• [Provided entries]:
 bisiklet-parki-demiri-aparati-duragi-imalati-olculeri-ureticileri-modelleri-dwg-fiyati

--

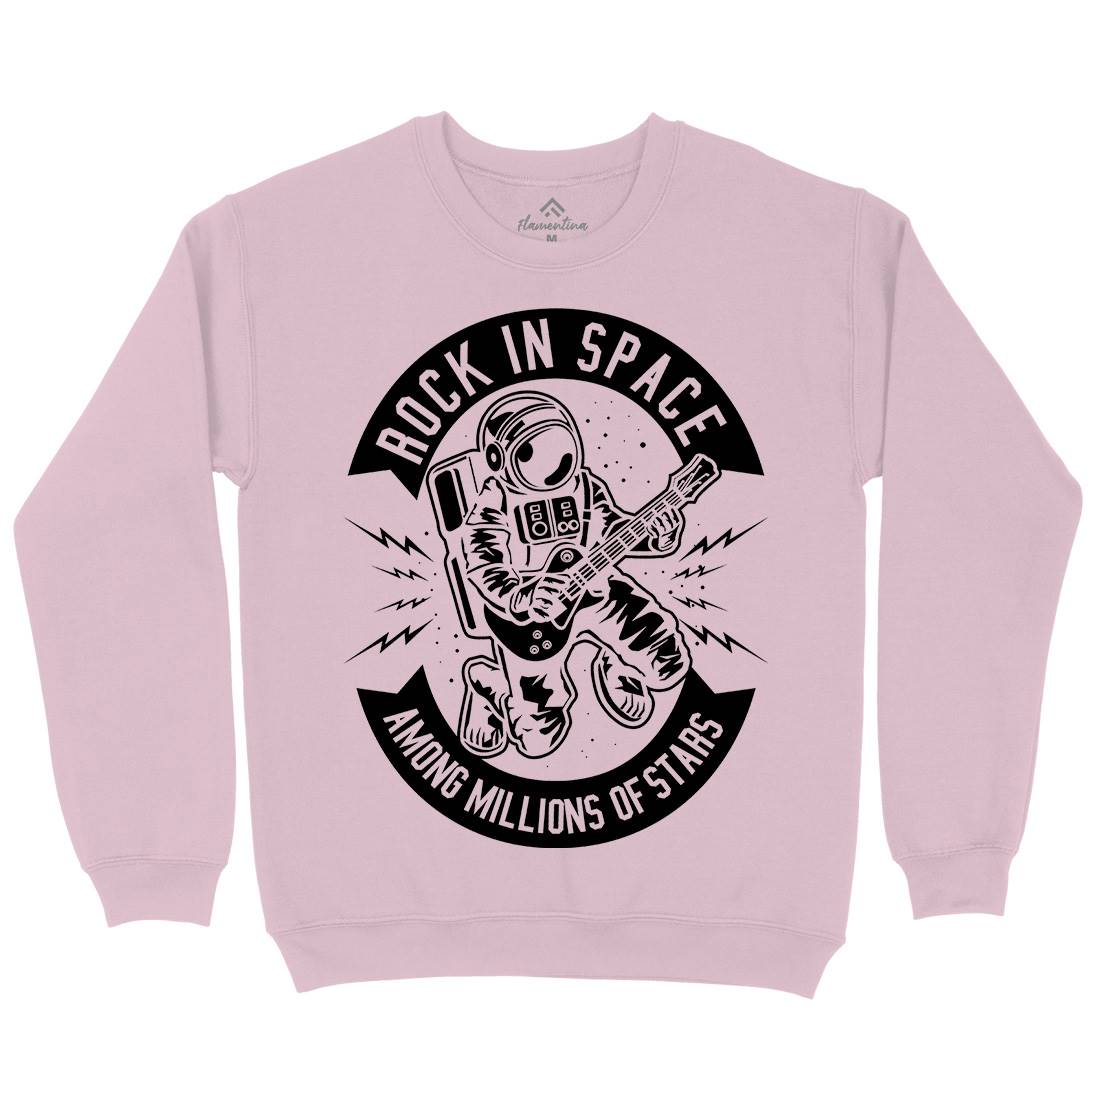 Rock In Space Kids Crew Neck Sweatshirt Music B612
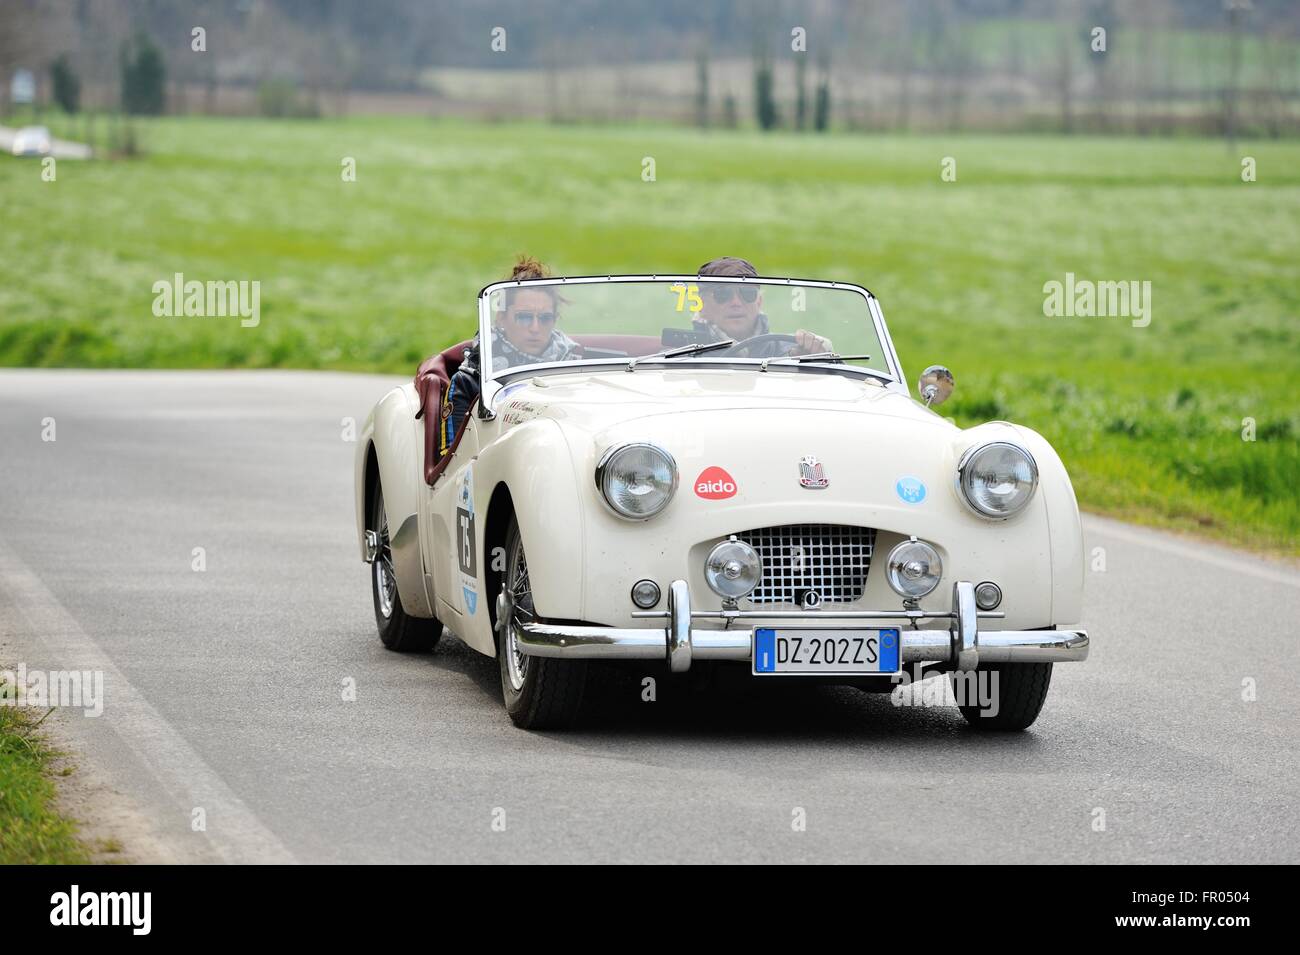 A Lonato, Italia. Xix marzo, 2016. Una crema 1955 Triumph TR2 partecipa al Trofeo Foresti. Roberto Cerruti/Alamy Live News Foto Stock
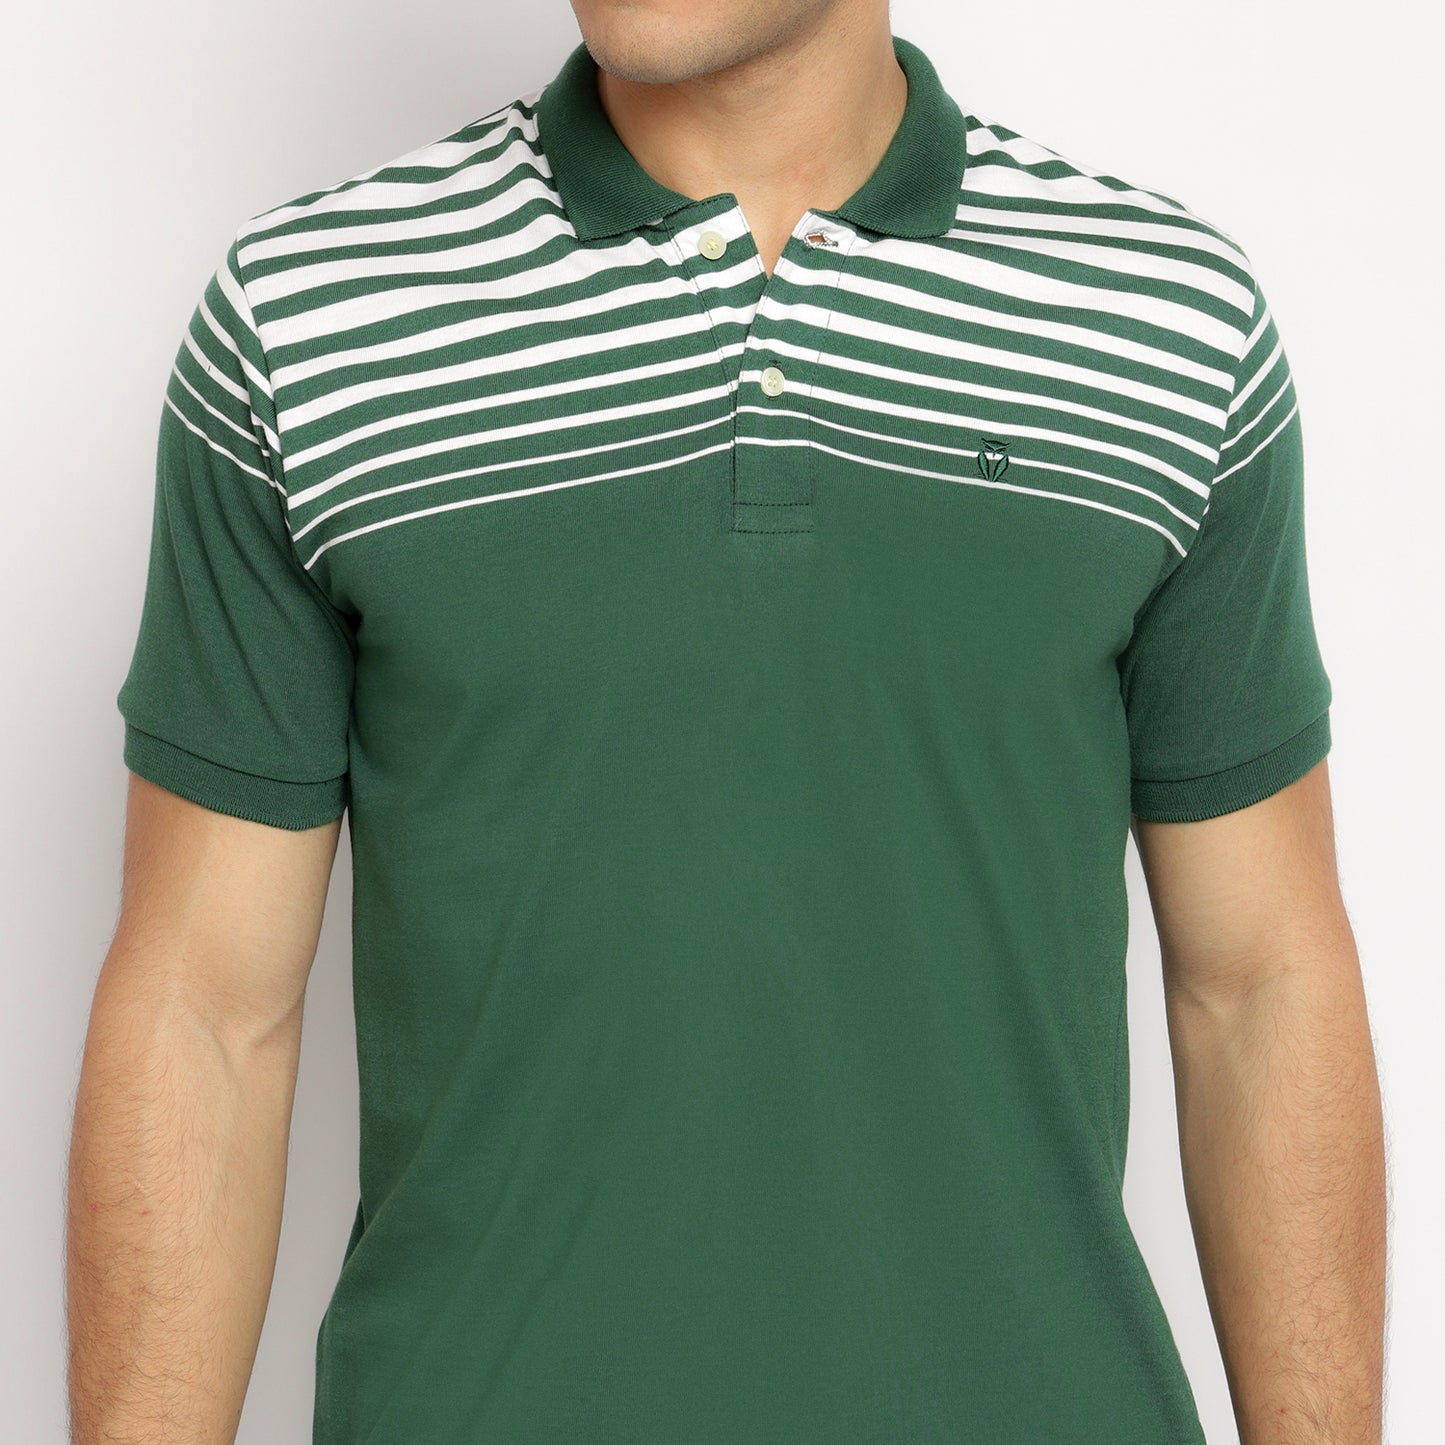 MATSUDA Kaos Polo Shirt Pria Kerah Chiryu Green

--

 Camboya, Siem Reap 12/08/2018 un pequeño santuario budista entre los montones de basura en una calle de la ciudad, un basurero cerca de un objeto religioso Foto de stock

• [Task to carry out]: Your reply is to be an exact repeat of the listing above from the line holding "A Lonato, Italia." down to the line holding "MATSUDA Kaos Polo", ends included, pictures excluded.

• [Answer to this task]:
 A Lonato, Italia. Xix marzo, 2016. Una crema 1955 Triumph TR2 partecipa al Trofeo Foresti. Roberto Cerruti/Alamy Live News Foto Stock
 MATSUDA Kaos Polo Shirt Pria Kerah Chiryu Green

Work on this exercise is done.